Only Seeing the Differences

“Wow! That’s really cool that you and the other groomsman wore matching tuxedos!”

I was amazed at the comment. How could it be any other way? But this wasn’t a typical wedding, it was my brother and his Swedish bride’s wedding that took place just north of Stockholm. The sum of the comments was even more interesting. All of the Swedes commented at how American the wedding was; conversely, all of the Americans commented at how Swedish the wedding was. Who was right?

I found this disconnect fascinating. The reason, of course, is that we can’t notice the things that are familiar. We can’t tell the difference between a custom which is shared by both cultures and a custom which is unique to our own. Everyone assumed that the parts of the wedding that felt normal were shared by both cultures but noted every difference because it was unexpected. We are an expert at spotting contrast. It’s interesting though that we don’t stop to recognize that what feels normal to us might not be normal to someone else. In truth, probably only my brother and his bride fully knew which parts were Swedish, which parts were American, and which parts were common. The rest of us simply aren’t versed enough in the traditions of both to tell the difference. It made the wedding uniquely special.

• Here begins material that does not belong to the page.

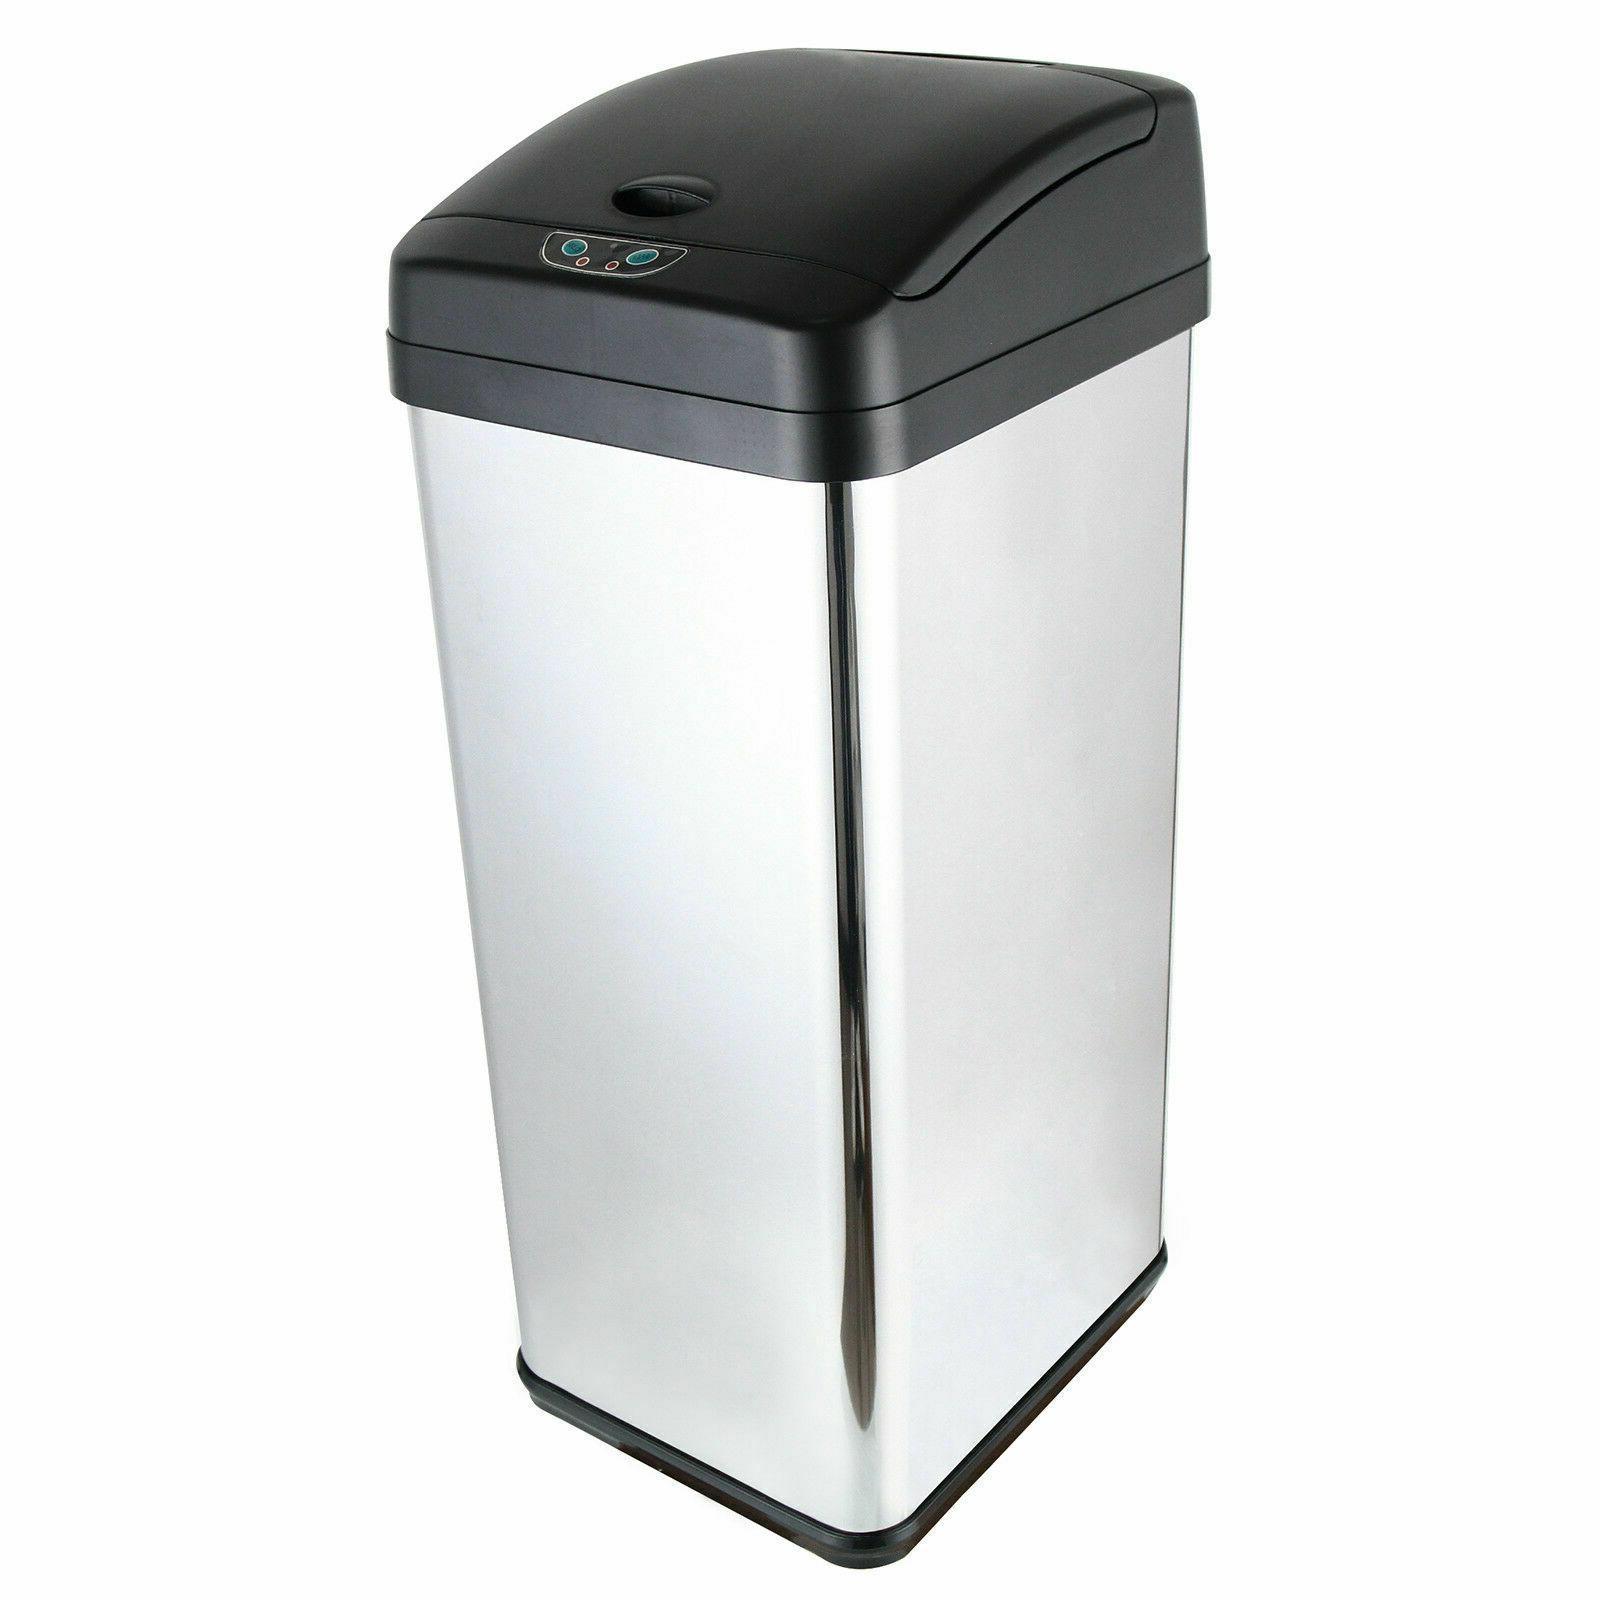 Tall 13 Gallon Large Bin Waste

This illustrates one of the reasons I love to travel. It allows us to see a different way of operating in the world. It challenges things we’ve never even thought to do differently because we’ve always done them our way. It also illustrates something that, if we can, we should watch out for: assuming that we are seeing the full picture clearly enough to make a judgement about it (i.e. “That was a very Swedish Wedding”). If we can take a step back and realize that we can’t always see the things we are familiar with as different, it can help us be curious about the perspective of others.